### Task item
Print the listing below word for word, but drop any pictures it contains.

### Dataset excerpt
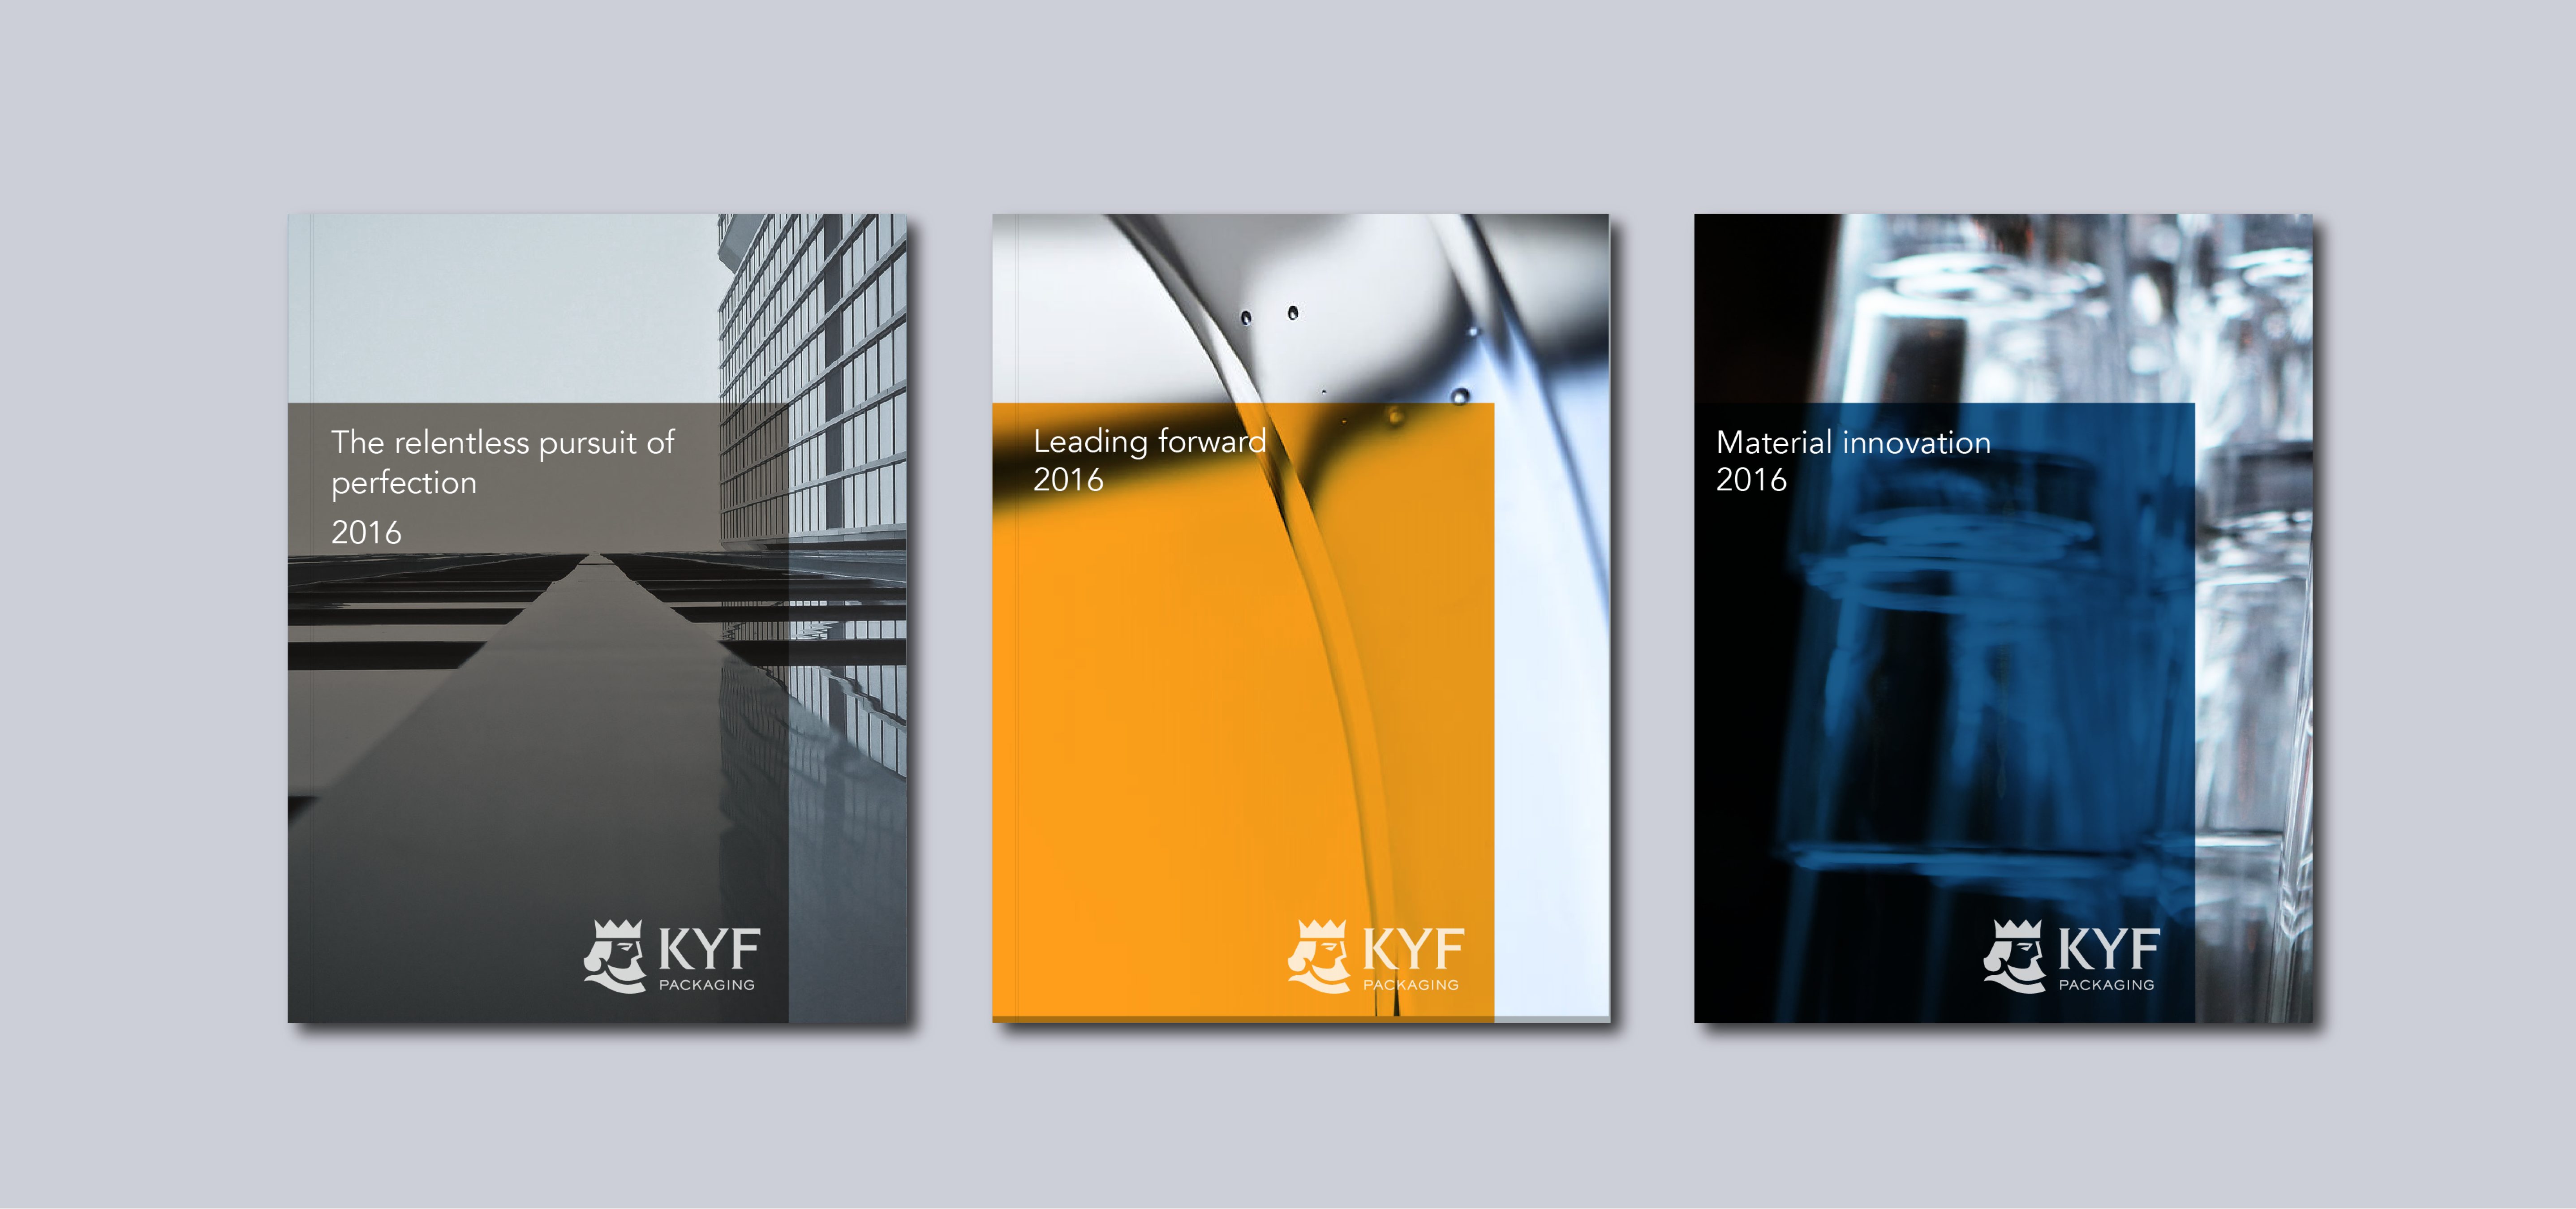 KYF slide03 | 金元福企業識別形象更新專案 | Labsology 法博思品牌顧問公司
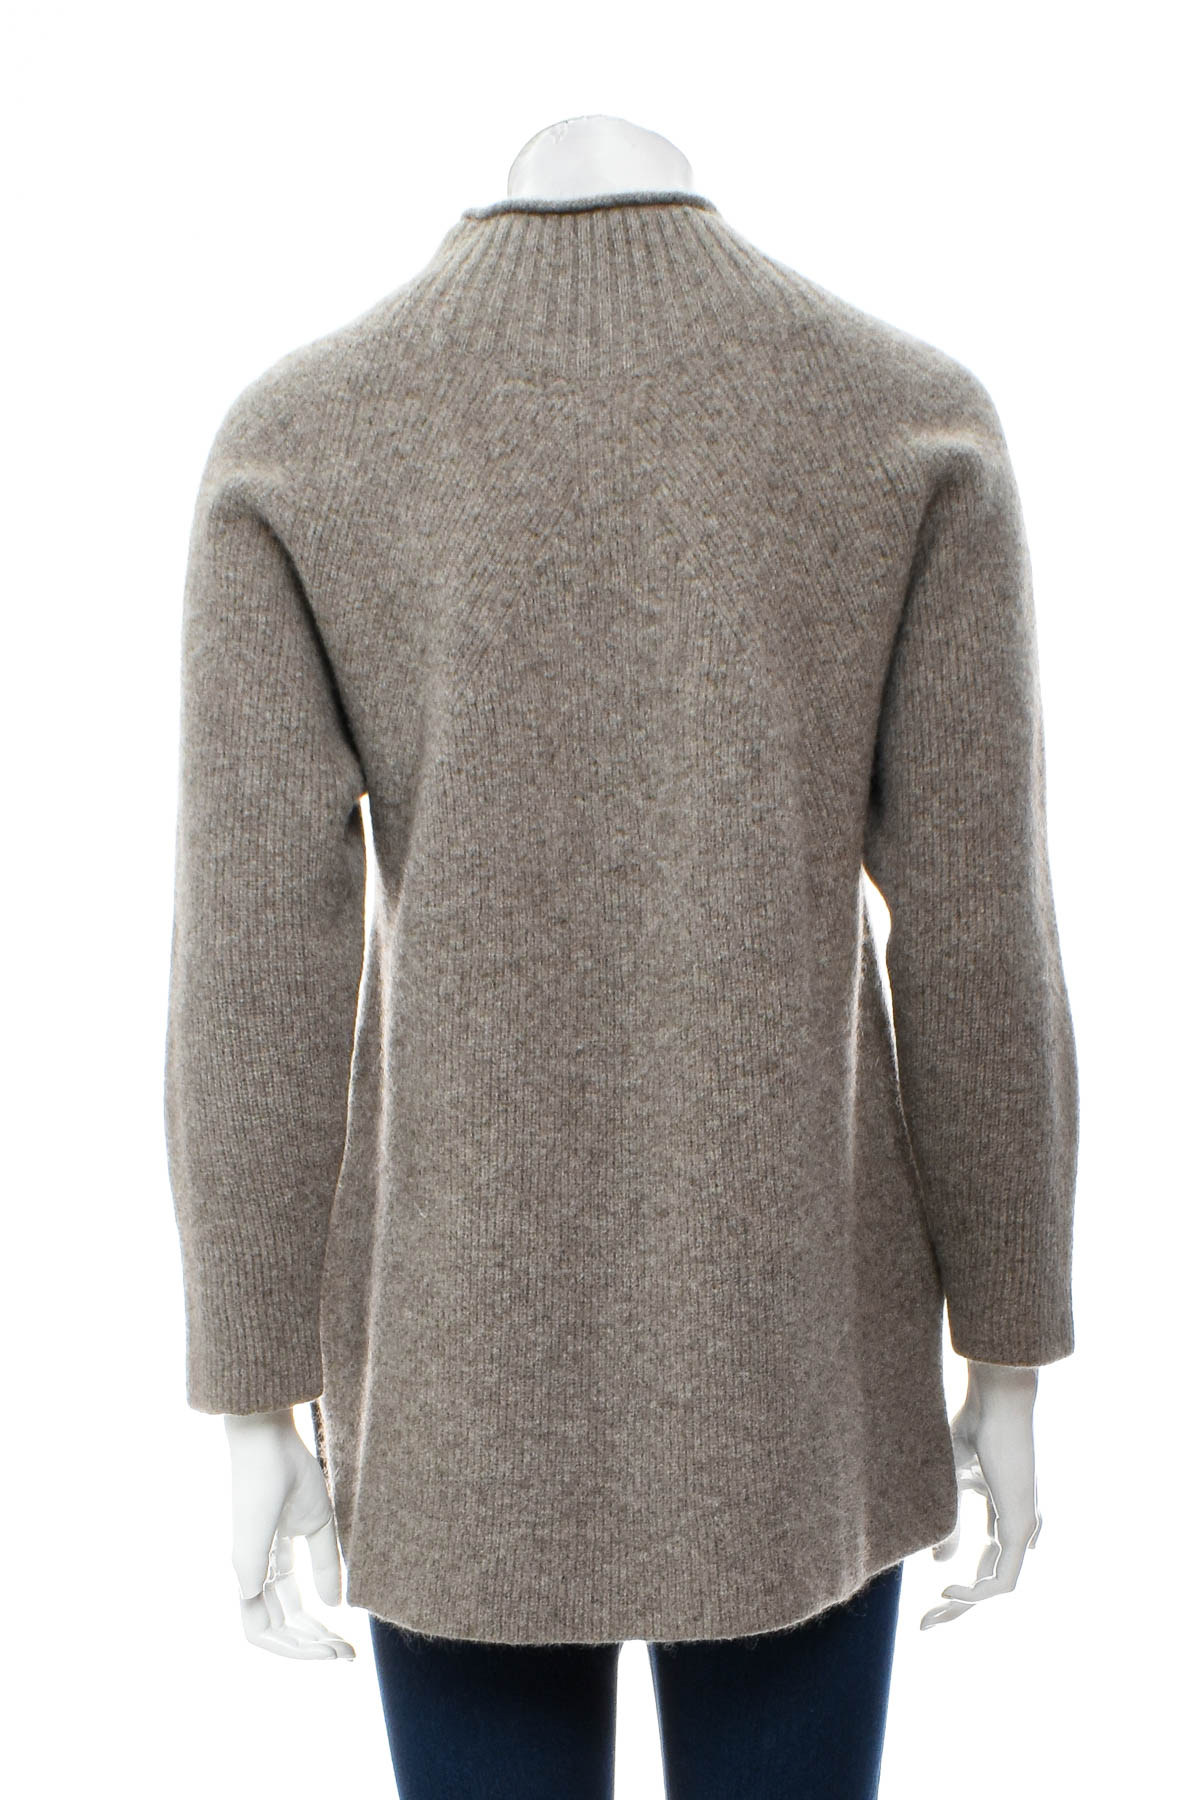 Women's sweater - Grune Erde - 1
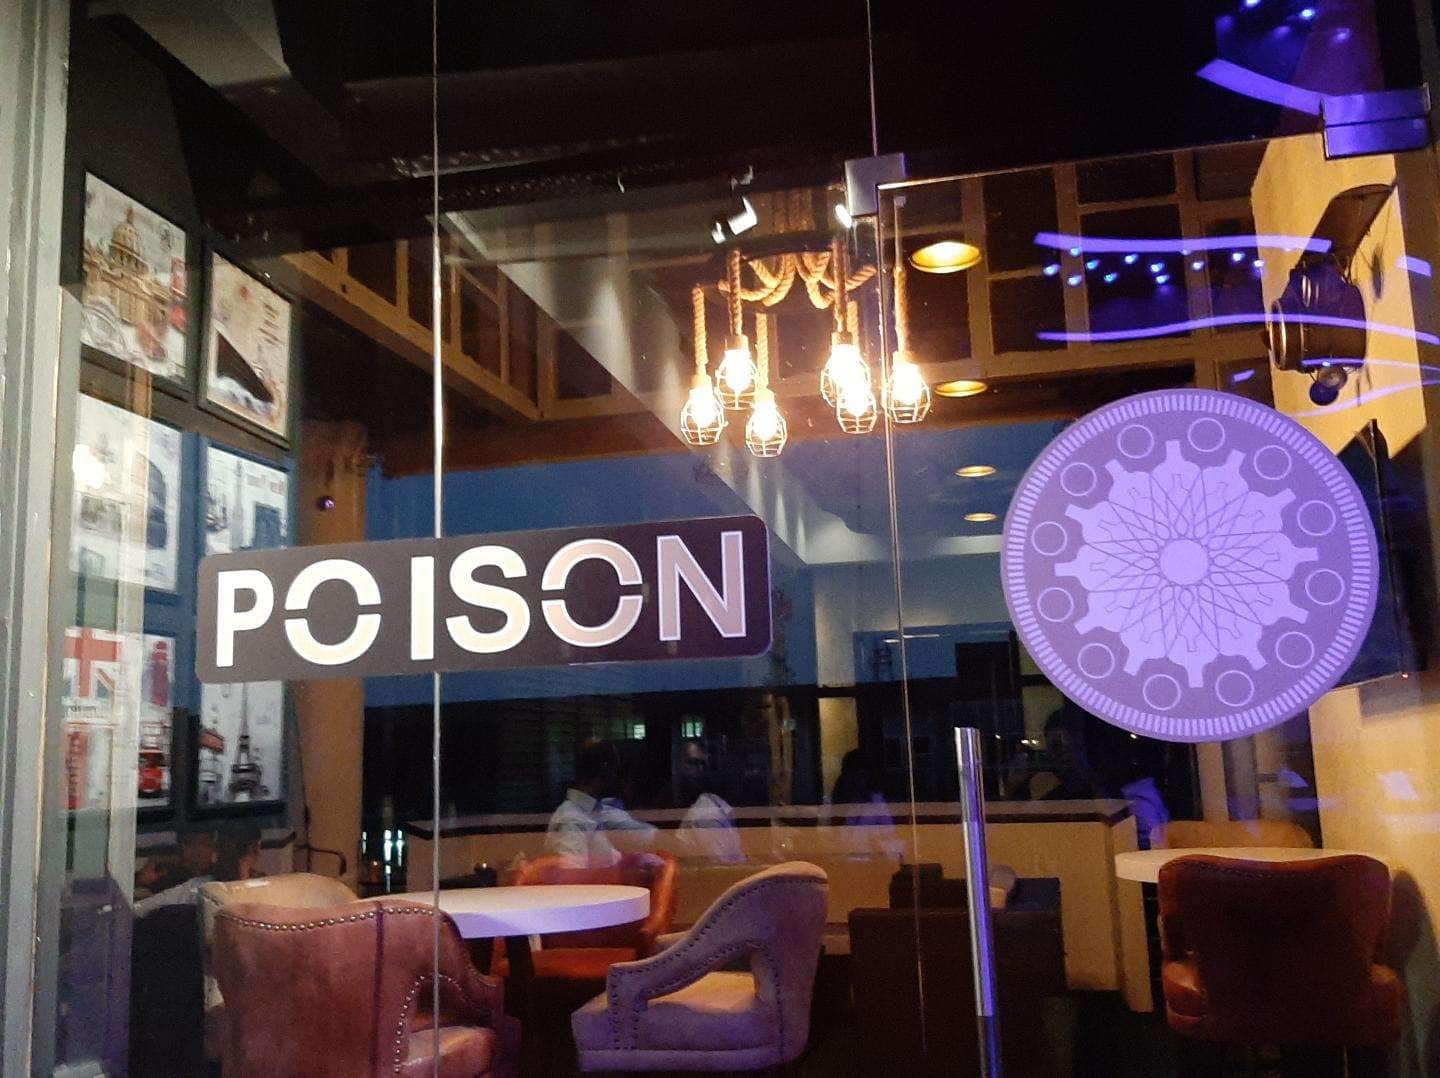 Poison, Sector 17, Chandigarh | Zomato
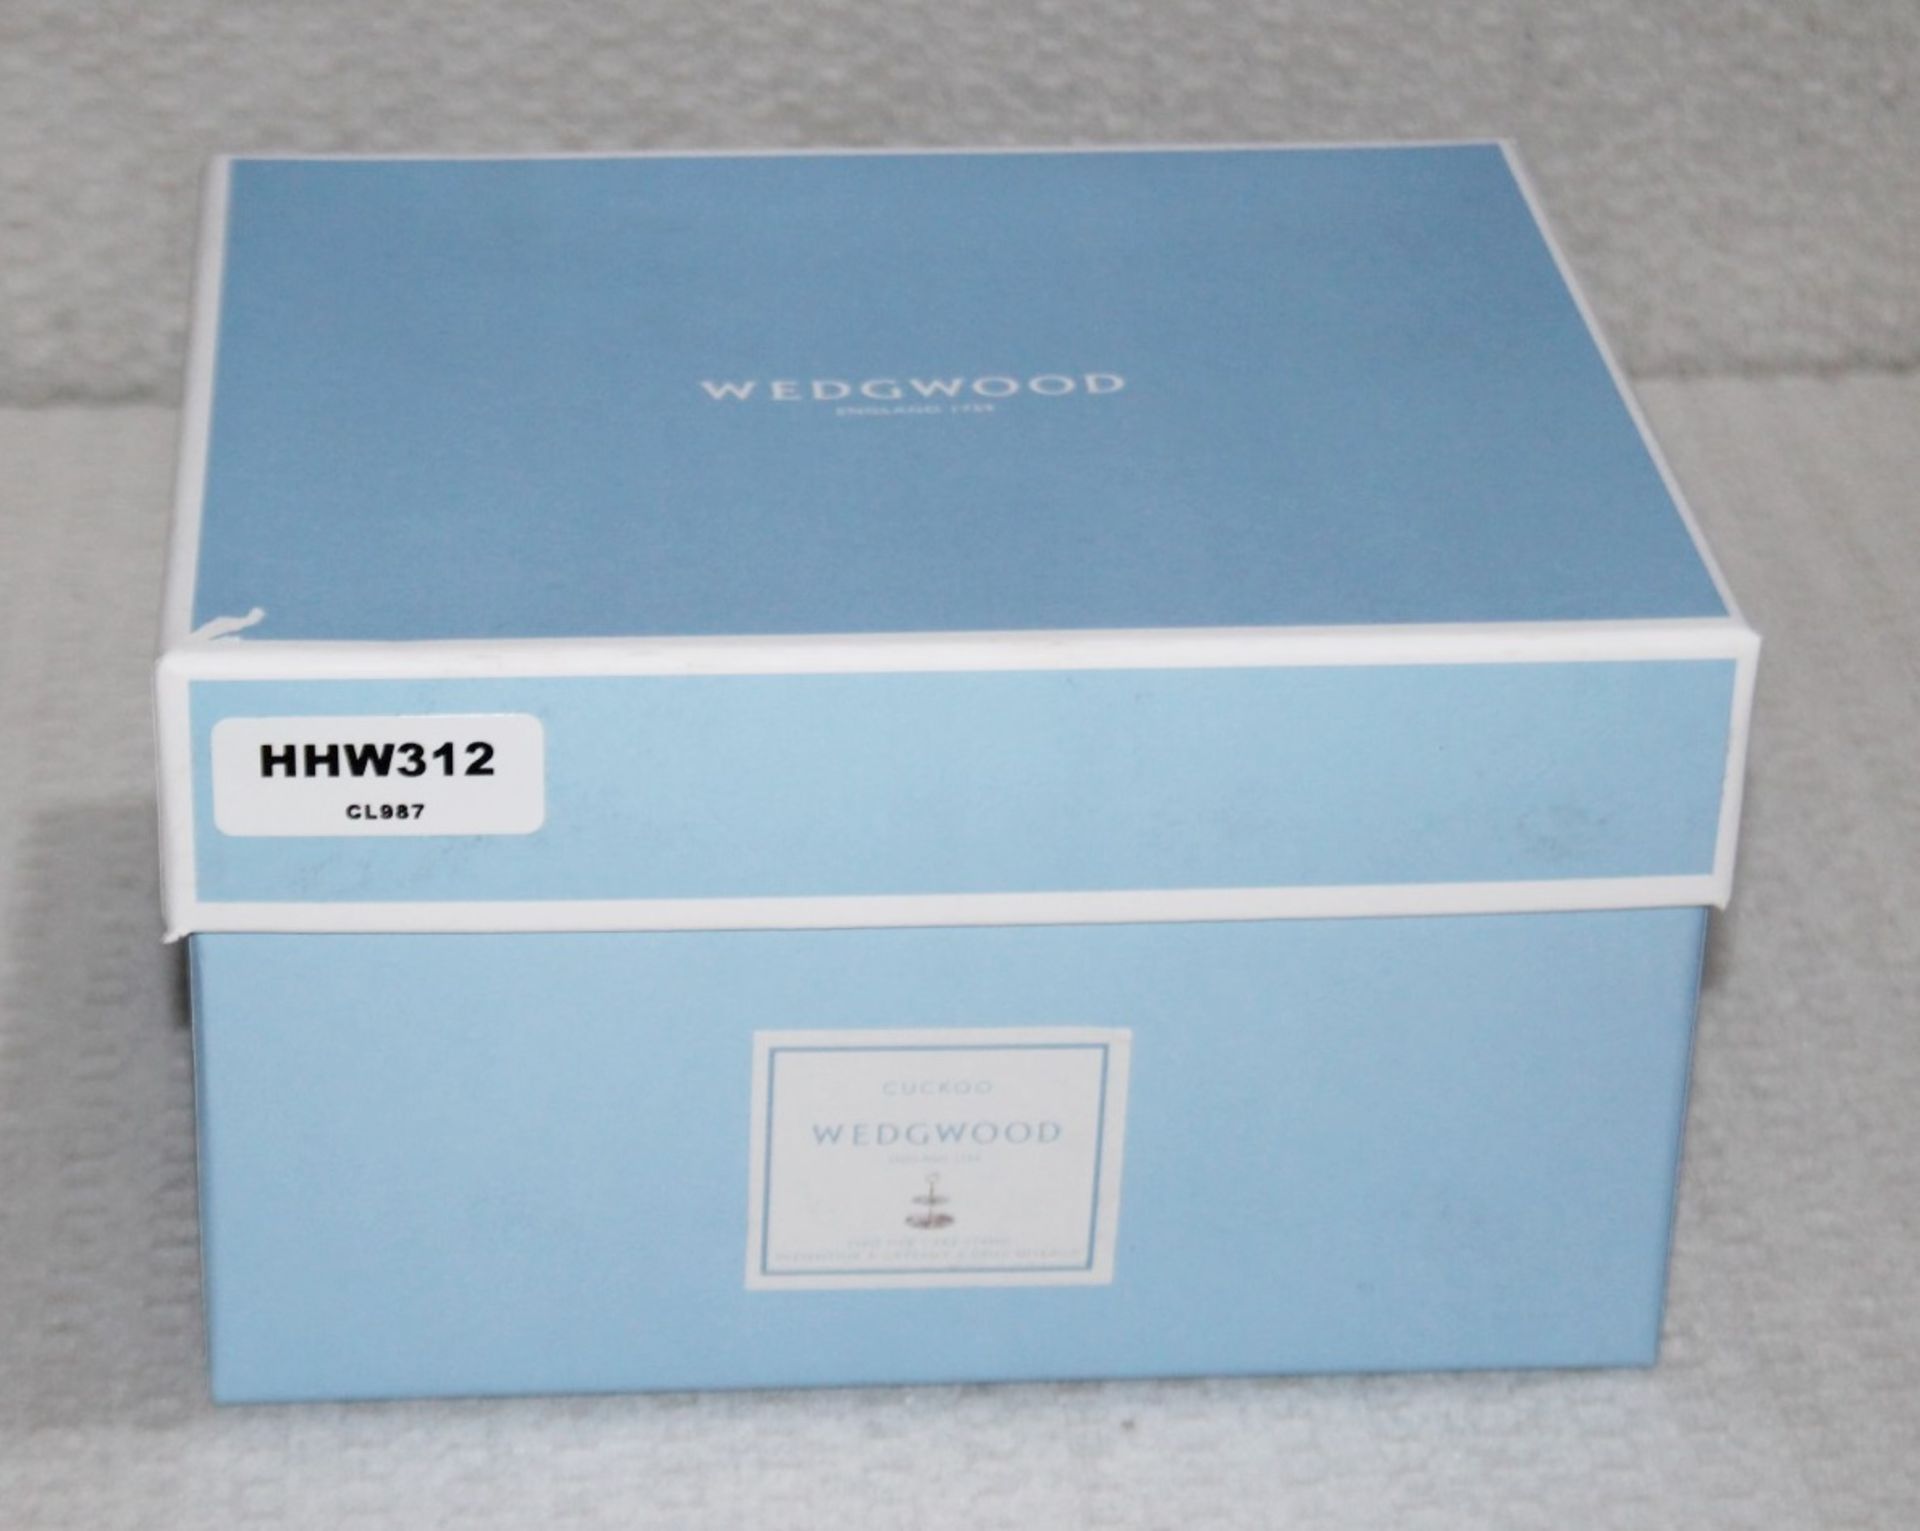 1 x WEDGWOOD 'Harlequin Cuckoo' Two-Tier Bone China Cake Stand - Original Price £95.00 - Unused - Image 4 of 12

### Solution for this exercise
 KYF slide03 | 金元福企業識別形象更新專案 | Labsology 法博思品牌顧問公司
 Women's sweater - Grune Erde - 1
 Poison, Sector 17, Chandigarh | Zomato
 1 x WEDGWOOD 'Harlequin Cuckoo' Two-Tier Bone China Cake Stand - Original Price £95.00 - Unused - Image 4 of 12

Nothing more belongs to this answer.